I went to Word Soup last night in Preston, it was their 1st birthday! All grown up.  Anyway I heard a lot of good poetry and it was a lovely venue.  I was on the open mic and did For Dicks and Linguistic Approaches to Love.  Here’s the latter, you’ve all heard For Dicks enough by now I’m sure.  Video recorded by Norman Hadley.

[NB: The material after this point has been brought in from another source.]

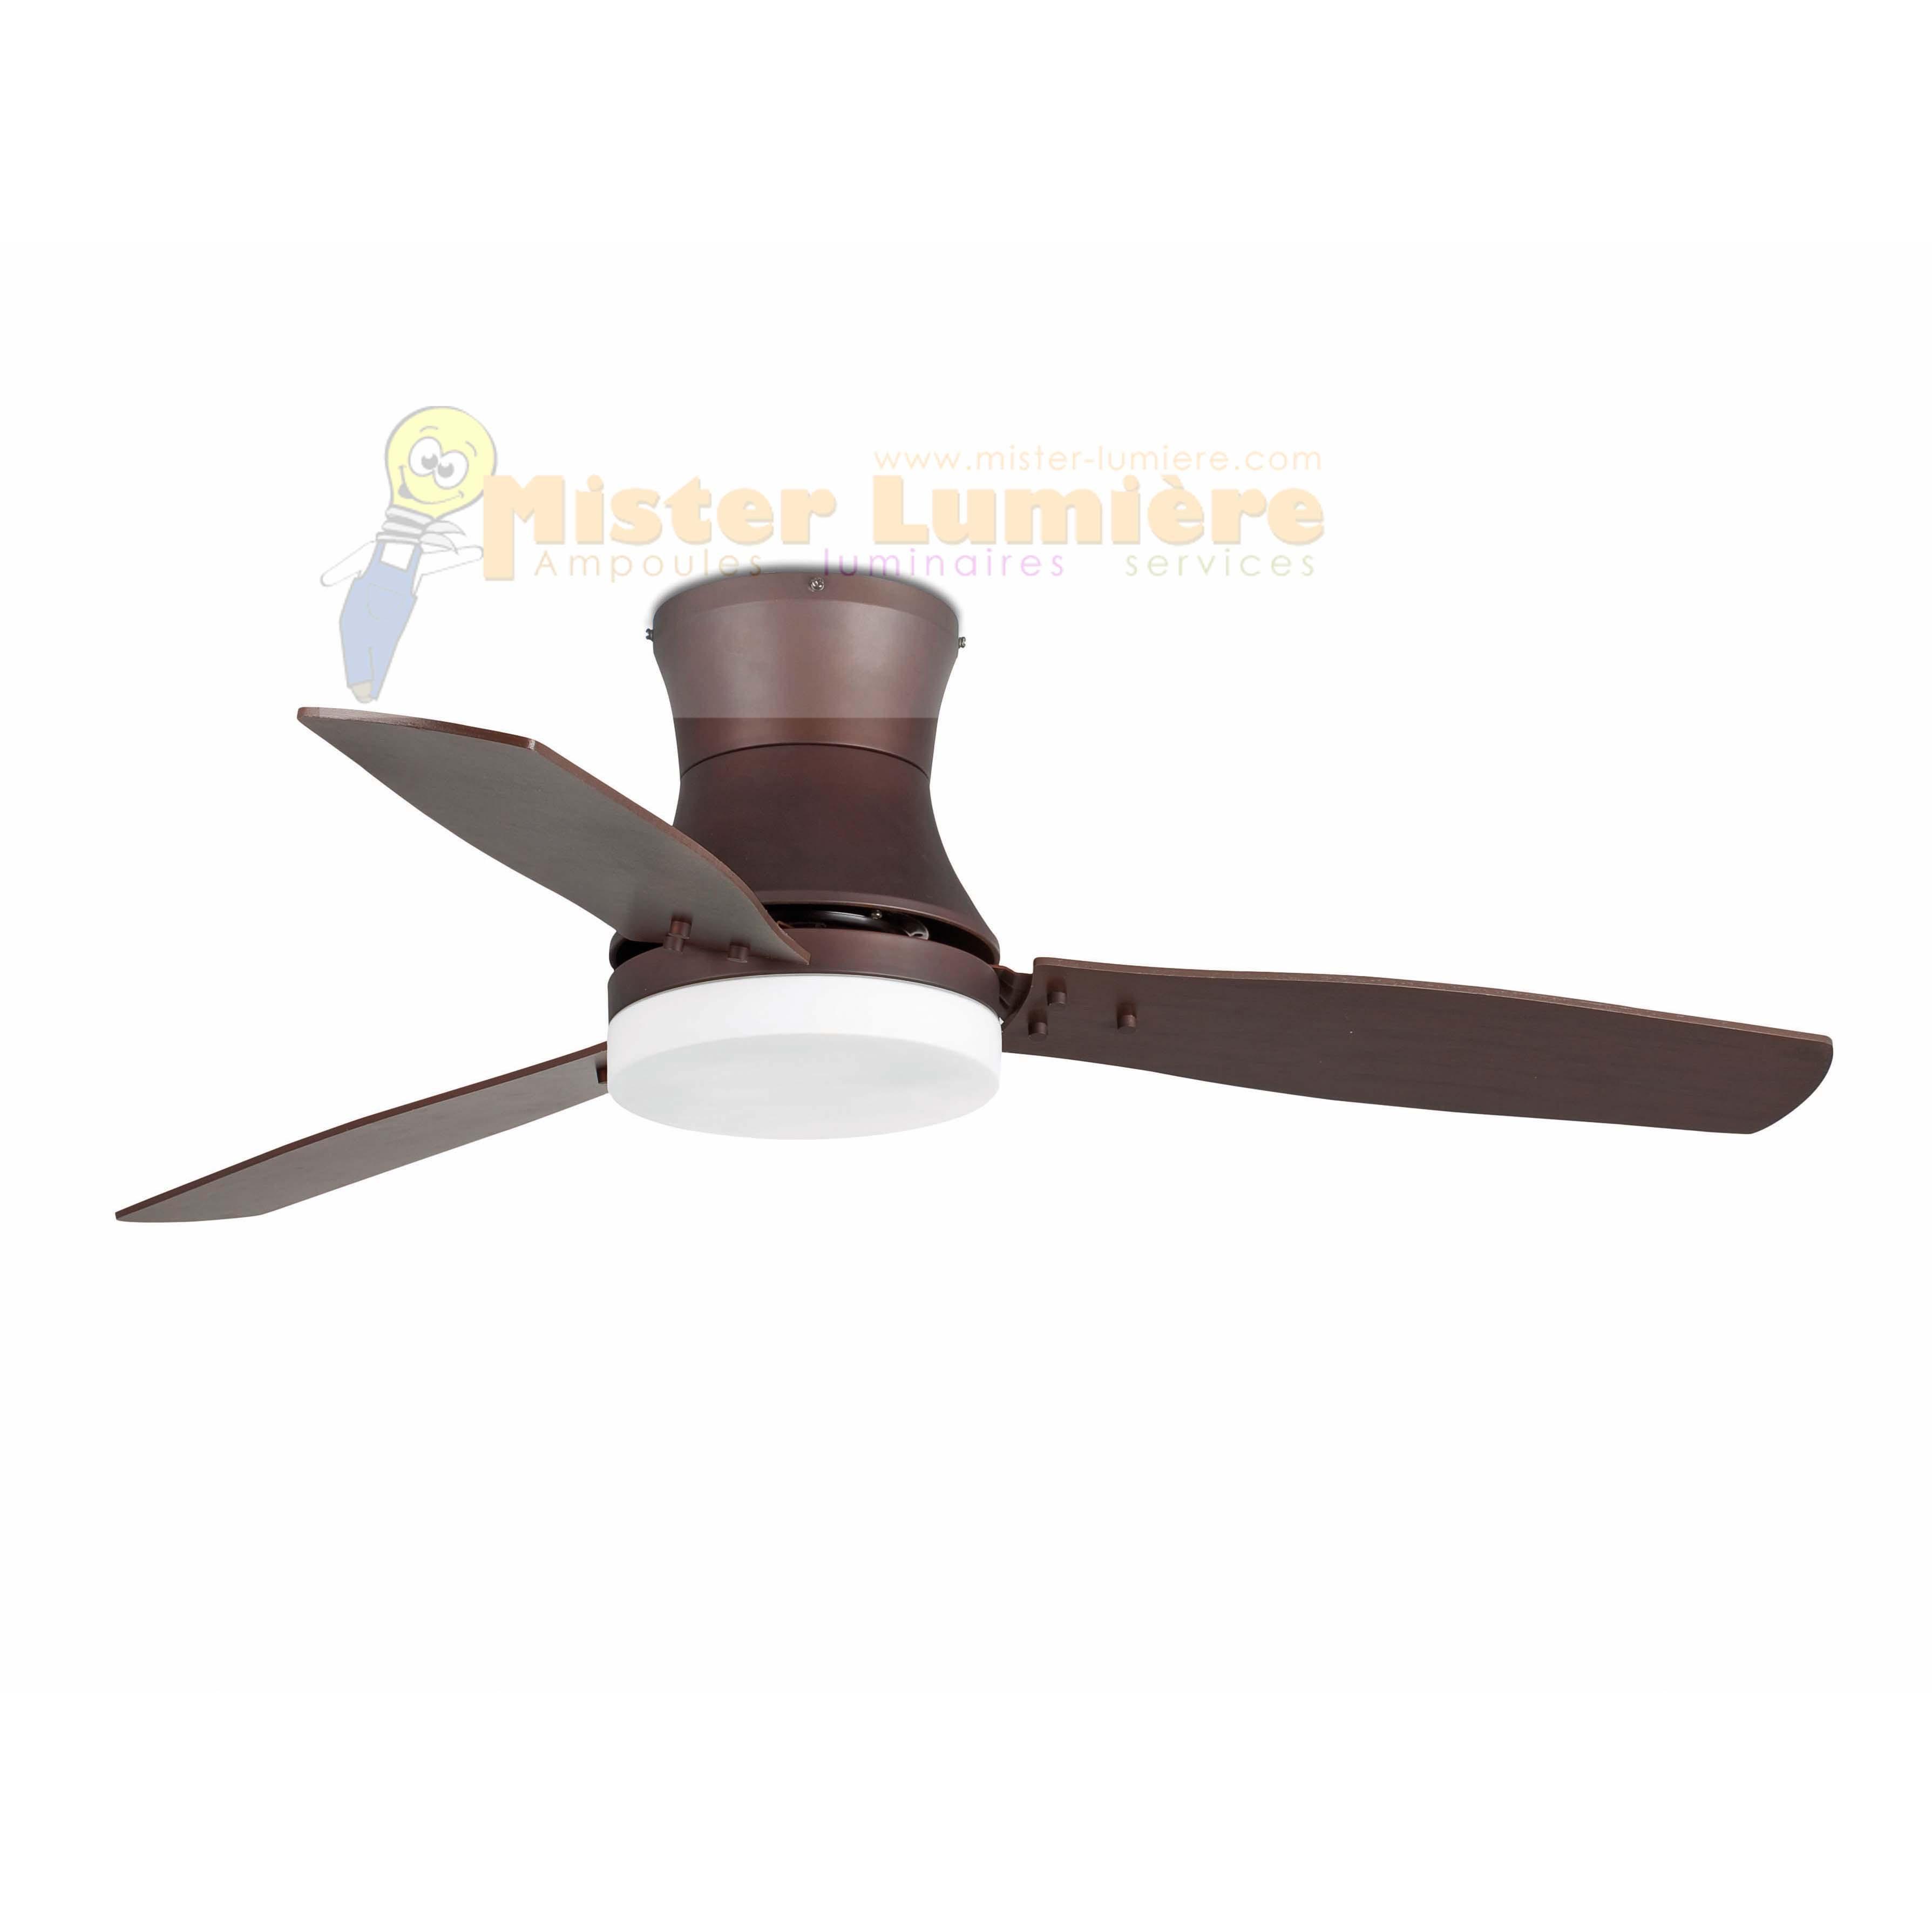 ventilateur de plafond lumineux TONSAY marron
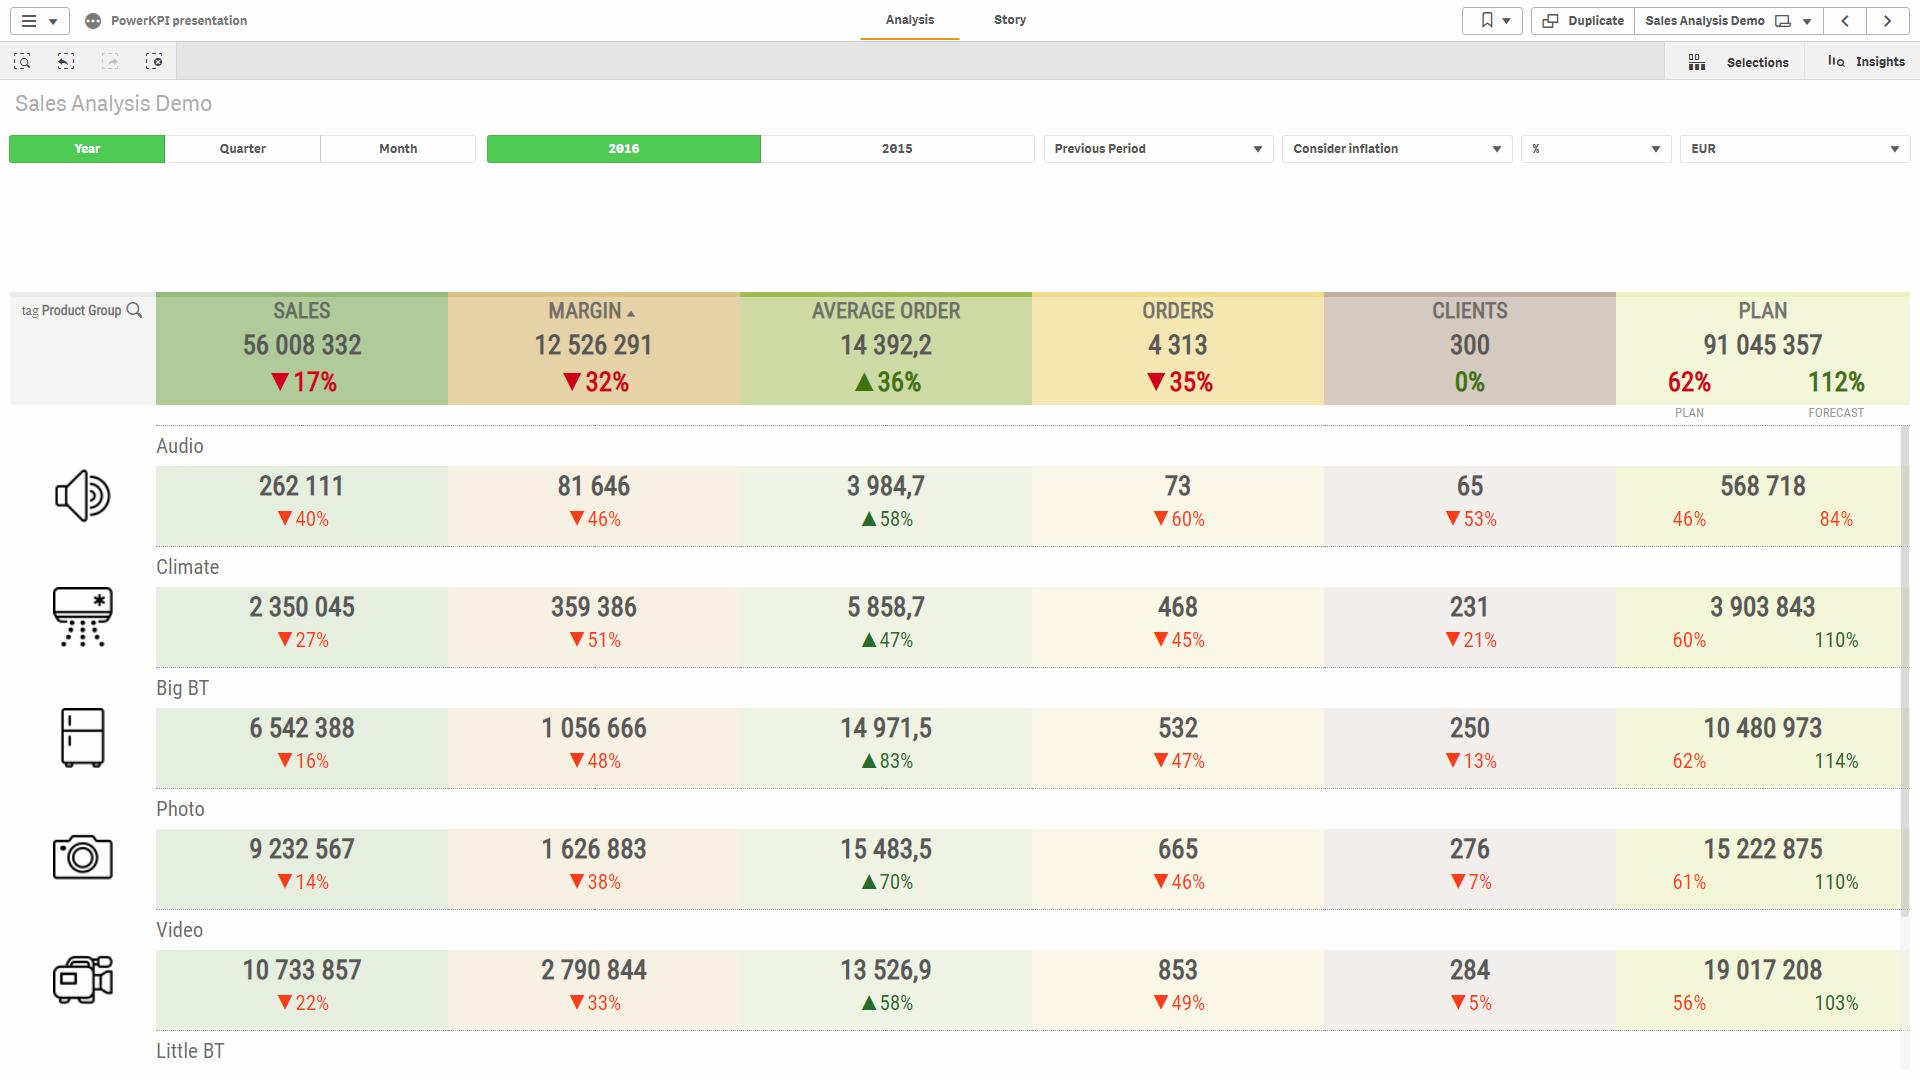 Extension for Qlik Sense to build dashboards | Power KPI

Linguistic Approaches to Love

I could reminisce about the sibilance in your uncertain sounds
the fricatives of your fucks, the vowels in your moans.
Could dot-to-dot the consonants that construct your 
harsh-angry-hate and make of them a petal, bloomed.
Could take the condemnations, the indignations
dissolve them into sheer potential of hope.
I could reword your sentences, edit your paragraphs 
recast you as a whole different character to the world.
Could take your adjectives away until you’re forgiven
for all the words you played with.
Could crush all the verbs into letters with no meaning
till we’re left with no substance - too.
Just people trapped in the present with no action
gaining no traction, just stagnant and blue.
It’s the beauty of love, 

that we’d do anything for you.

Human Cartographer

[October - the ‘sex’ month.]

We christen every room with impressions
the curve of our backs, the stick of saliva dabbing our necks;
Da Vinci’s got nothing on the way we paint with our hands
the picture of love. (I didn’t just say that word.)
We exchange and engage in senses that don’t even exist,
not just touch and taste, smell, feel, sight, but deeper than that.

I know the angles of bisection that make you like me more
places where you’re uncontrollable; demands, the requirements,
pressures, the pretexts, I know the contexts of your excitement.
What makes you sweat, makes you laugh,
I know what makes you want to lick me, there.

I am the cartographer of your body: spine, the Pennines;
bum, Ayer’s rock. I have traversed the gorge
between your shoulder blades.
Your eyes are the Great Lakes; nose, a snub of moon rock,
I have walked through the forests of your legs.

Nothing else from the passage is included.